Gene Set Enrichment Analysis (GSEA)
GSEA was used to explore the up-downregulations among different pathways associated with Sp1 in STAD. The functional gene set was set to c2.cp.kegg.v7.4.symbols.gmt, the analysis parameters were "No collapse", the number of permutations was set to "1000", the permutation type was set to "Phenotype", and the above files were analyzed by GSEA software (version 3.0). In this study, GESA was used to explore Kyoto Encyclopedia of Genes and Genomes (KEGG) pathways significantly associated with high and low Sp1 expression, and mapped the top five pathways. P-value < 0.05 and FDR < 0.25 were considered statistically significant.
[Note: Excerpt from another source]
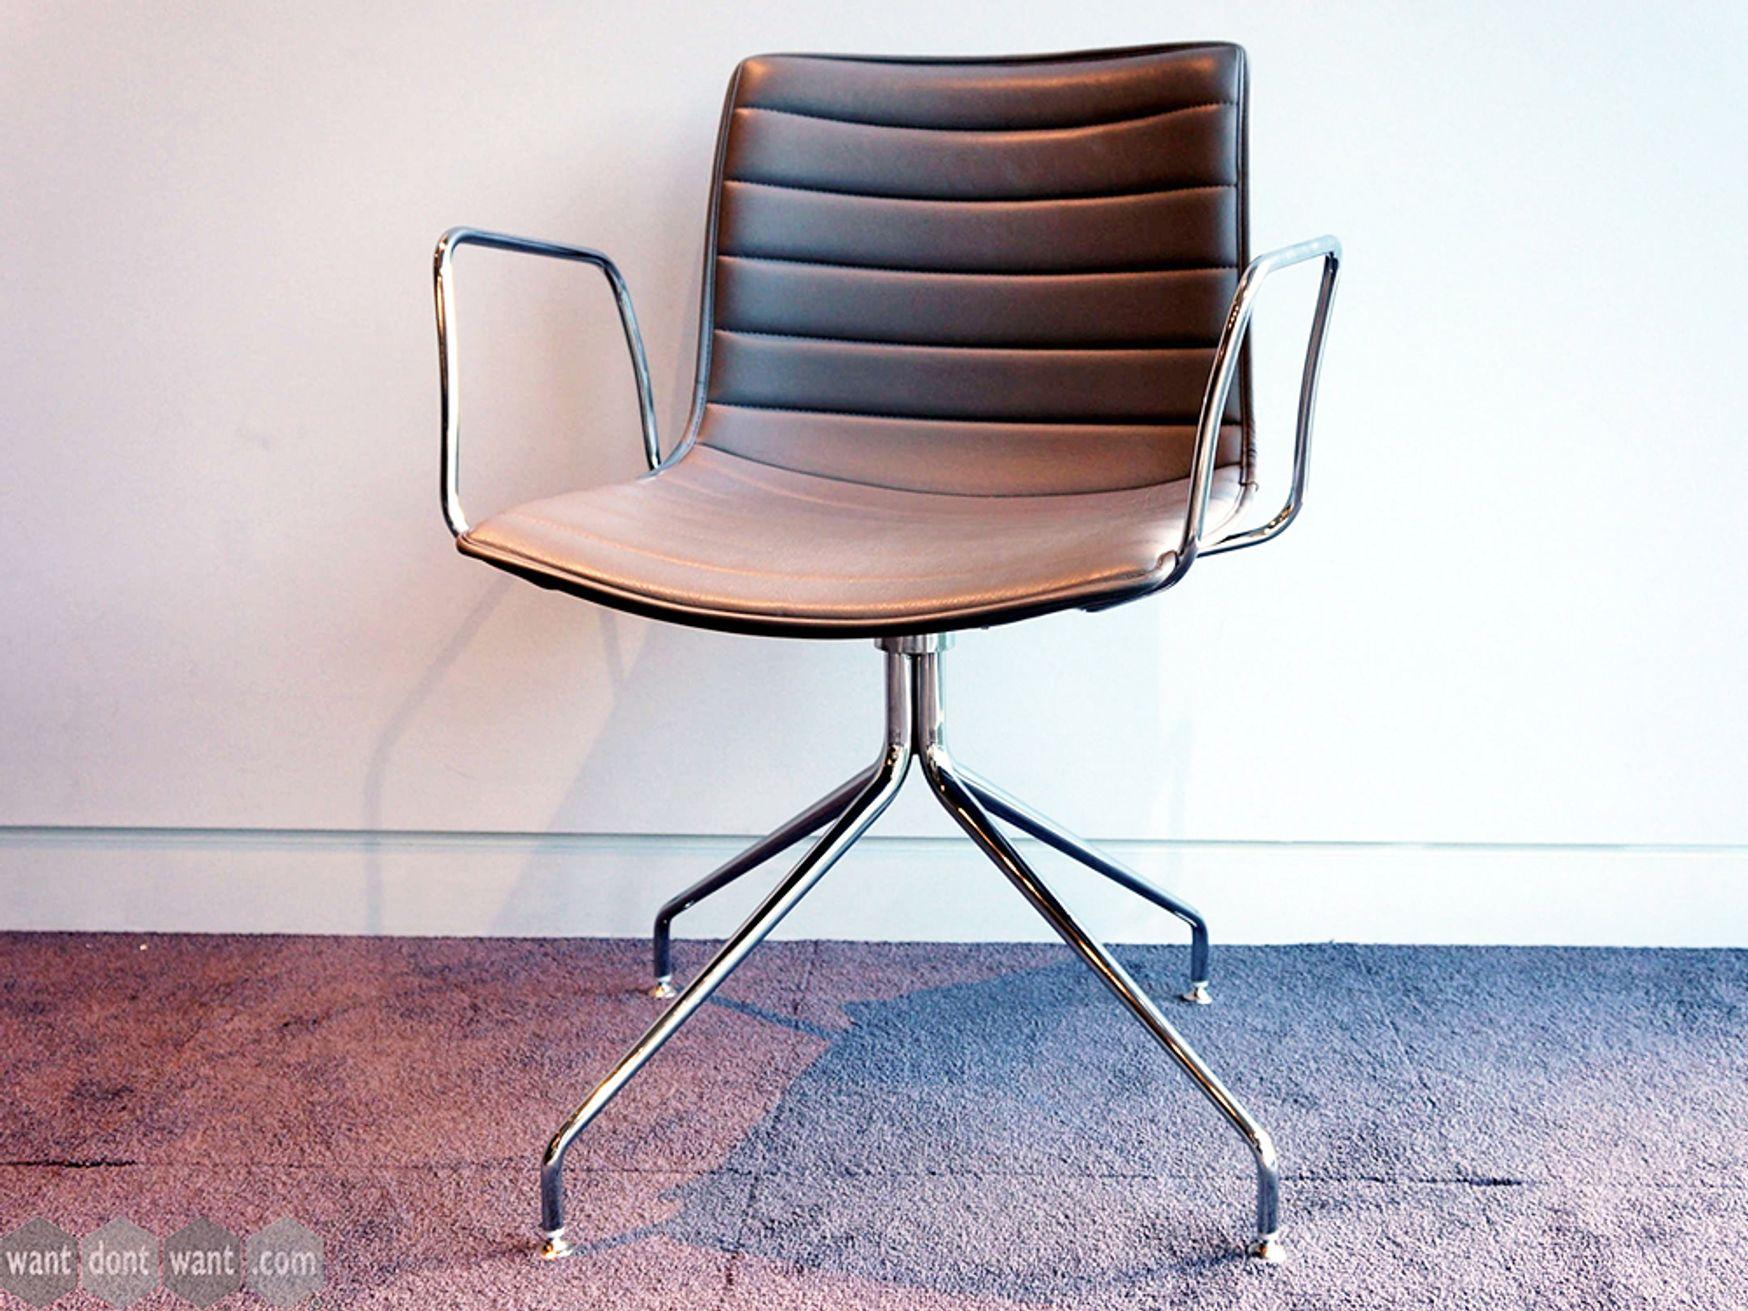 Used Arper Catifa 46 Trestle Swivel Chairs in Grey

The scRNA-seq data analysis
The GC scRNA-seq data (GSE163558) were obtained from the GEO database (https://www.ncbi.nlm.nih.gov/geo/), which included 10 fresh human tissue samples of six patients, including primary tumors, adjacent non-tumoral samples, and six metastases from various organs or tissues (liver, peritoneum, ovary, lymph node). Data filtering and preprocessing were conducted using the R package “Seurat”. The initial screening criteria included: genes expressed in at least three cells; each cell expresses at least 250 genes; the percentage feature set function was used to calculate the percentage of mitochondria and rRNA, ensuring that each cell expresses more than 200 genes and less than 5000 genes; mitochondrial genes comprising less than 15% of the total genome. Following data filtering, samples were merged for further analysis. To address batch effects and integrate different single-cell transcriptome samples, the FindIntegrationAnchors and IntegrateData functions in the Seurat package were employed, identifying 4000 highly variable genes with the FindVariableFeatures function.Then, principal component analysis (PCA) was performed using the RunPCA function. Cell clustering was carried out with the FindNeighbors and FindClusters functions (resolution = 0.1, dim = 50). Dimensionality reduction was achieved using the UMAP method. Marker genes for each cluster were identified using the FindAllMarkers function (logFC = 0.75, min.pct = 0.25, p-adj < 0.05).